= WHAT IS REQUIRED =
Exactly the lines from the one containing "Yoga Xperience Rezensionen" through the end of the listing below are required, restated word for word and without pictures.

---- COLLECTED MATERIAL

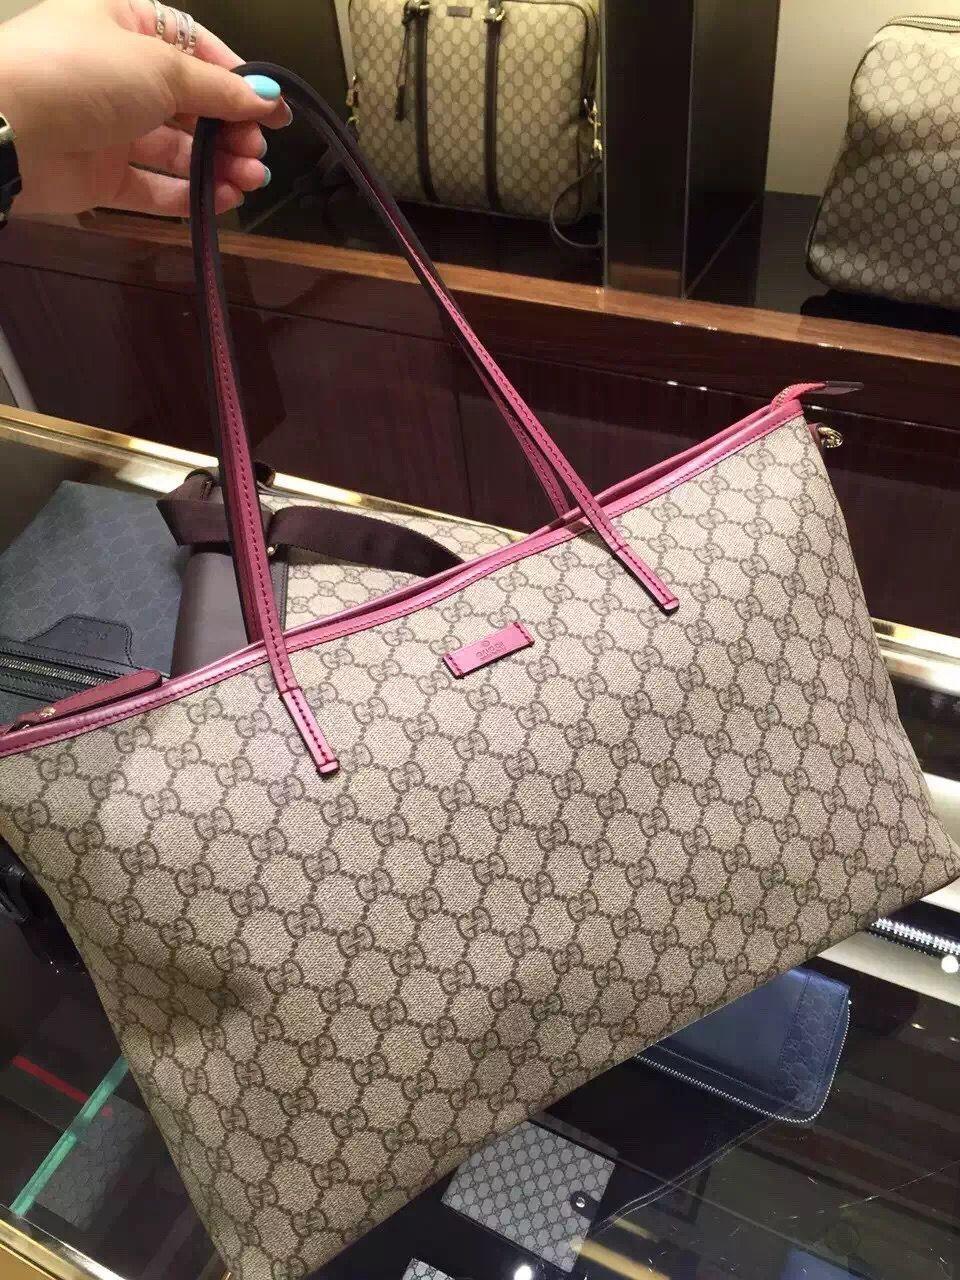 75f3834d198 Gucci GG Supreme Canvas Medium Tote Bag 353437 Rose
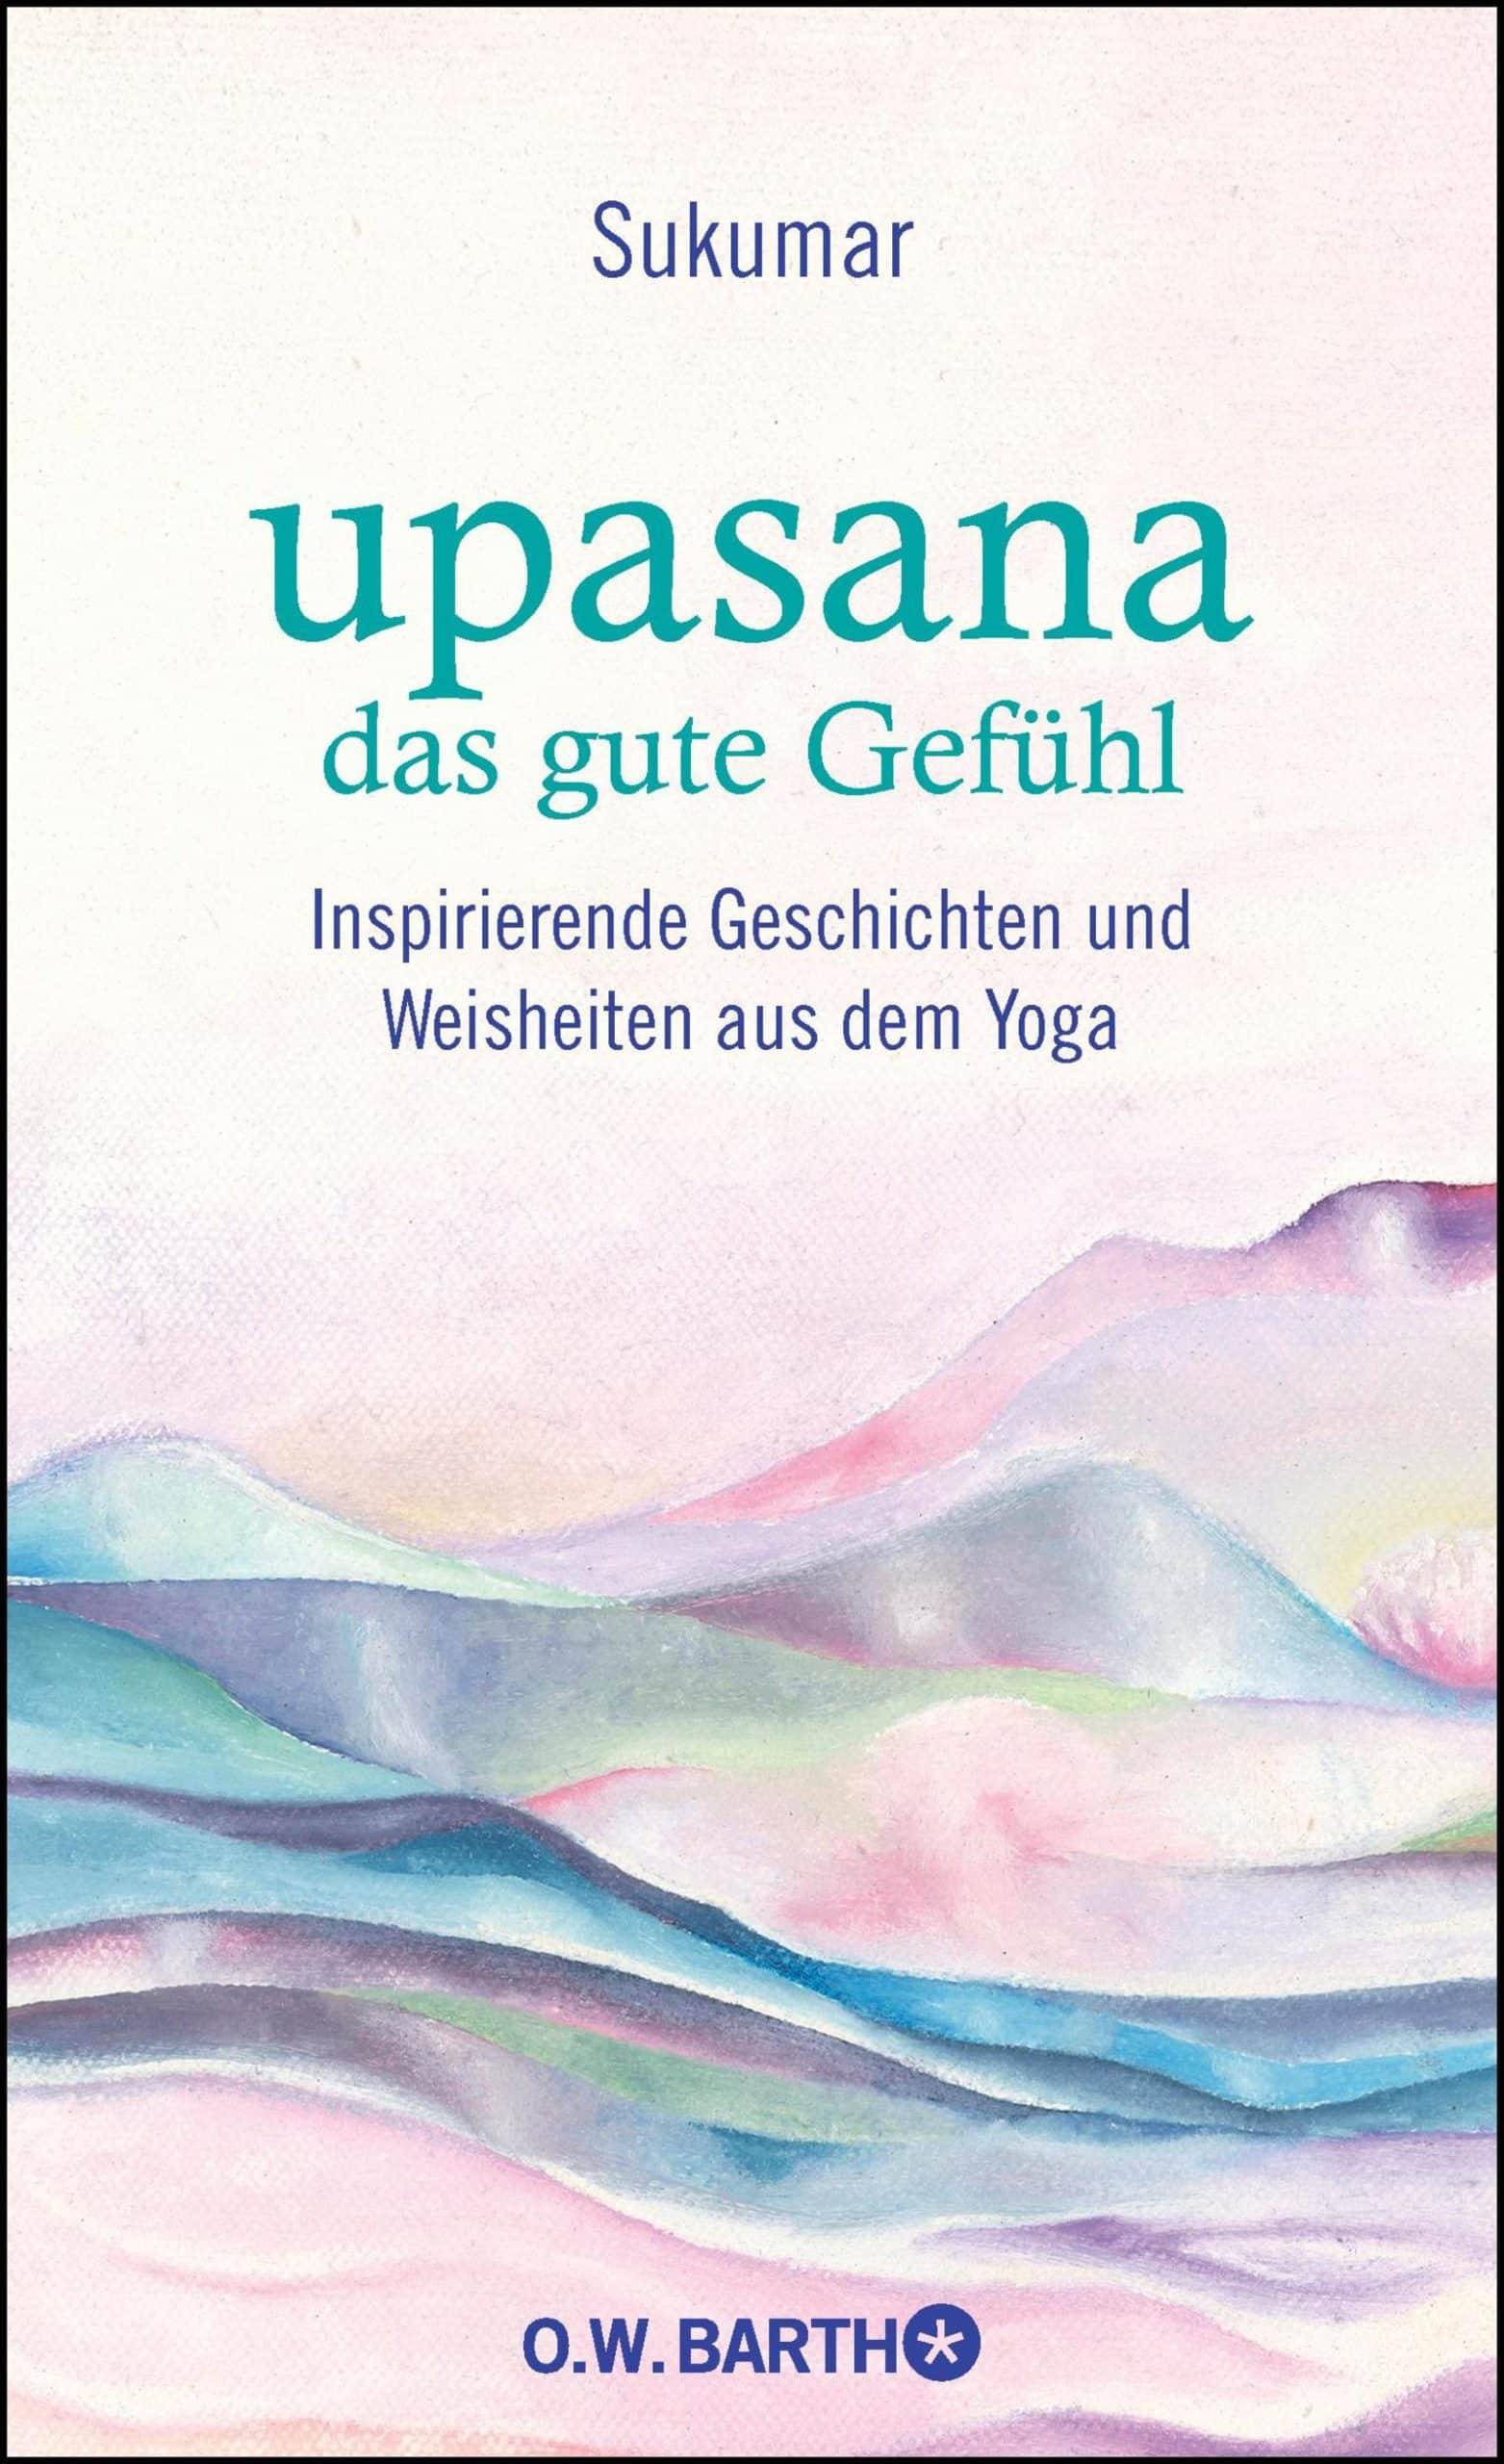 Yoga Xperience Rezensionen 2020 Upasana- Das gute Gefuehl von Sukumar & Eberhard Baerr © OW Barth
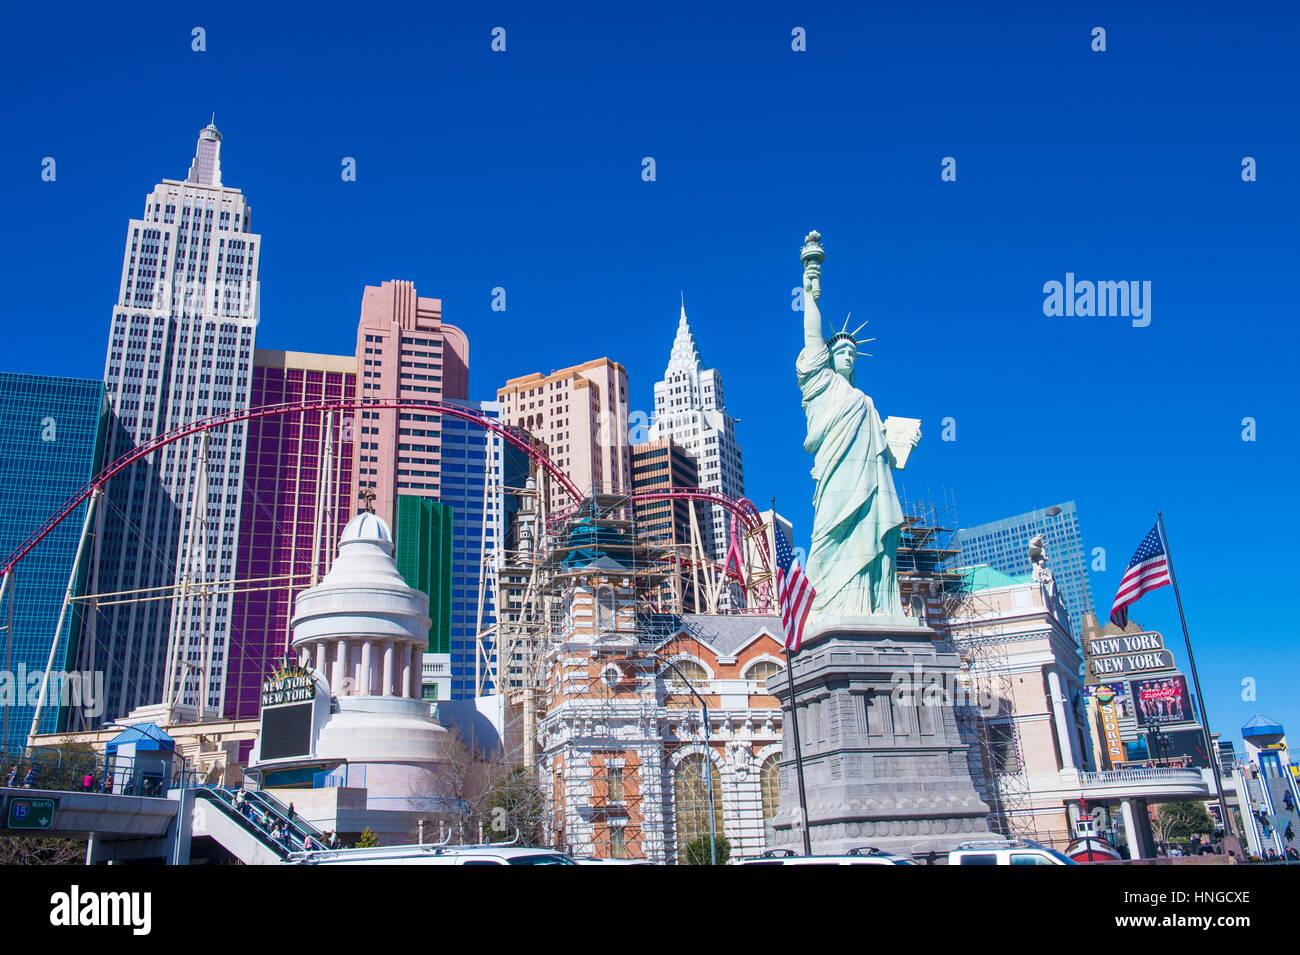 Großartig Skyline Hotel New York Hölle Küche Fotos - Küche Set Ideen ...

--------

= FINISHED EXERCISE =
 Yoga Xperience Rezensionen 2020 Upasana- Das gute Gefuehl von Sukumar & Eberhard Baerr © OW Barth
 Großartig Skyline Hotel New York Hölle Küche Fotos - Küche Set Ideen ...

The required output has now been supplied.